Lu Tong one day received three tea cakes from a friend who was far away. The tea cakes were made of choice tea leaves and were as fine as royal tributes.Lu Tong tasted the new tea and wrote a long poem. The poem describes what bowls of tea (this reveals the Tang people used bowls to drink tea) did to him: the first bowl quenches thirst, the second removes loneliness, the third inspires him to see his own literary talent and knowledge, the fourth makes him forget anger and wrongs accumulated over years, the fifth purifies his body and mind and the sixth offers a glimpse into the immortal world, and the seventh gives him wings to fly.

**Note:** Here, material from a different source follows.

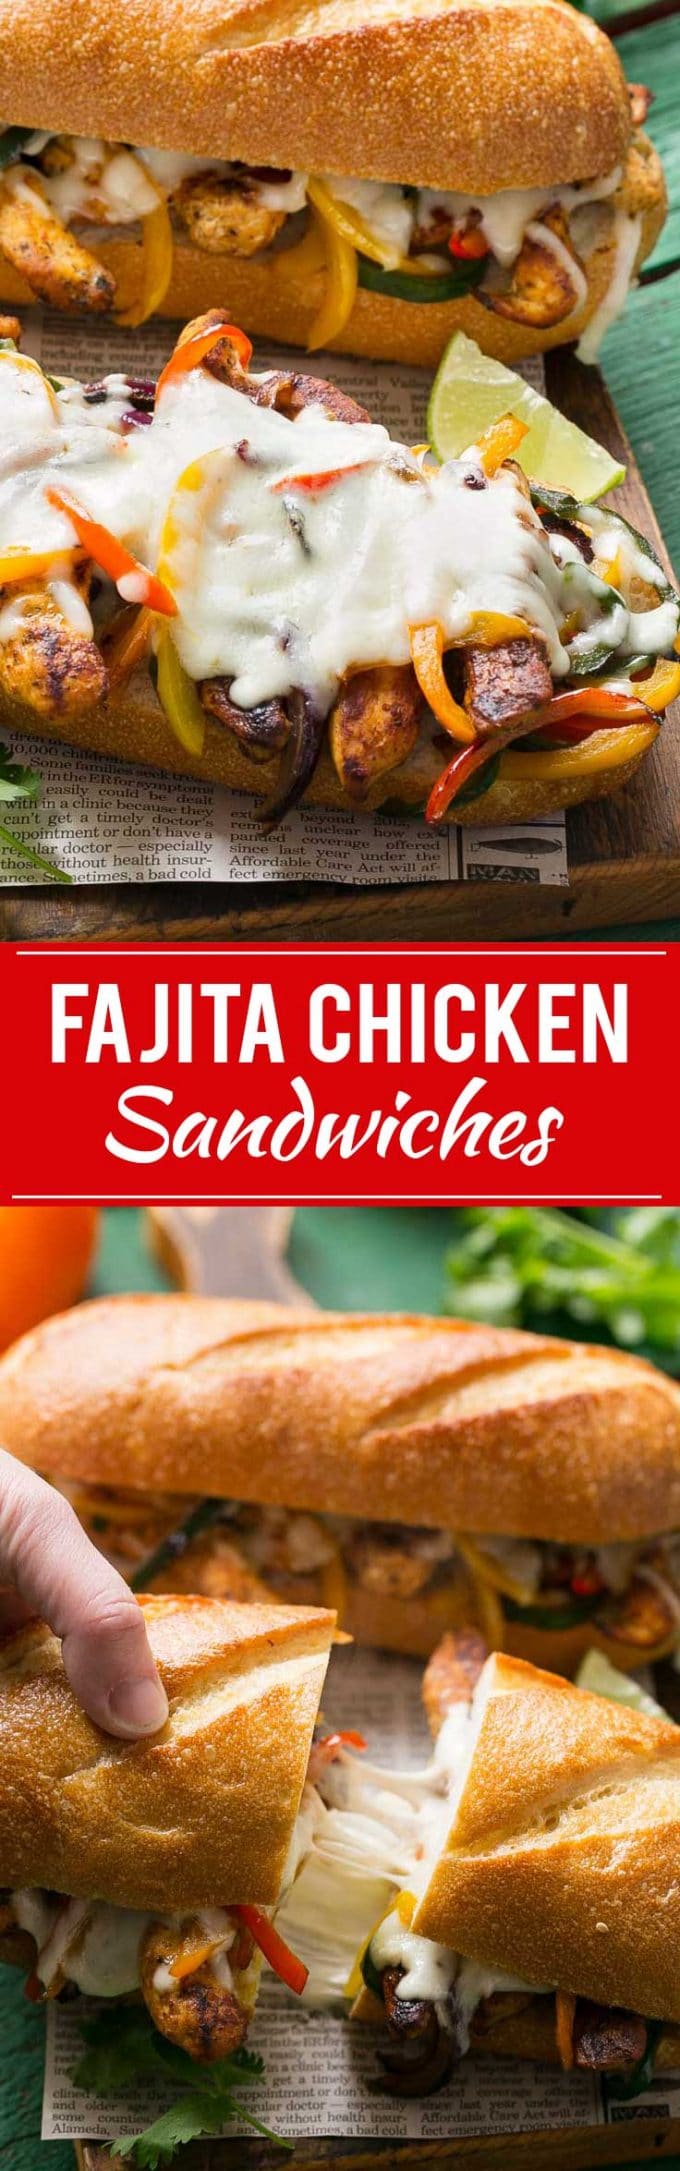 Fajita Chicken Cheesesteak Sandwich Recipe | Chicken Cheesesteak Sandwich | Fajita Chicken Sandwich | Best Fajita Chicken Sandwich | Best Chicken Cheesesteak Sandwich

The last part of the poem is about the hard life of tea farmers.The poet asks his friend, an official who was in charge of making remedies to right wrongs, if he could do something to relieve the tea farmers of their sufferings.
The poem was an instant sensation. People couldn’t stop singing it. Poets in subsequent dynasties echoed Lu Tong’s reflections and impressions and frequently referred to the seven bowls and their magic effects.

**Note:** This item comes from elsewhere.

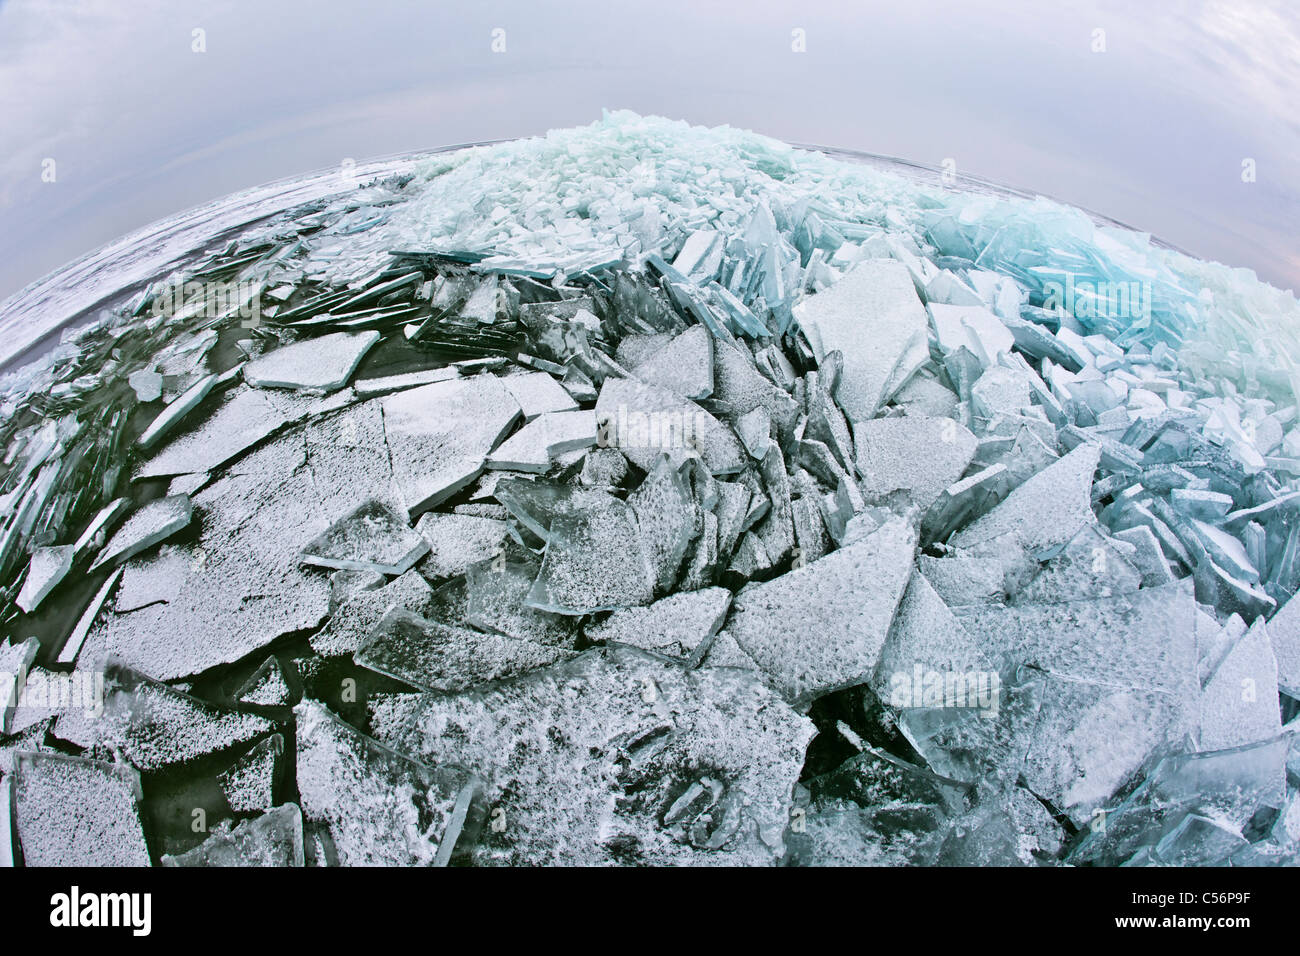 The Netherlands, Oosterleek, Piled up ice on frozen lake called Markermeer. Fisheye lens. Stock Photo

From the Song Dynasty (960-1279) on, artists created paintings on Lu Tong and the legend of seven bowls of tea. The earliest existing painting on this subject is by Liu Songnian, a leading artist of the Southern Song Dynasty (1127-1279). The artwork depicts a landscape of age-old pines and pagoda trees and bamboo groves, a hut under the shade of these trees beside a rockery; inside the hut is Lu Tong, sitting and reading a book while a bare-foot servant prepares tea on a stove and an old man is on his way to fetch water from a nearby stream. The painting describes Lu Tong’s simple lifestyle and radiates a charm.
A Yuan Dynasty (1271-1368) scholar wrote a brief biography of Lu Tong, describing him as a reclusive and scholar. The poet’s only fortune was his books and he lived on rice donated by Buddhist monks and neighbors. In his lifetime, the talented scholar turned down two appointments to court positions and lived as a reclusive first in a mountain and later in a city.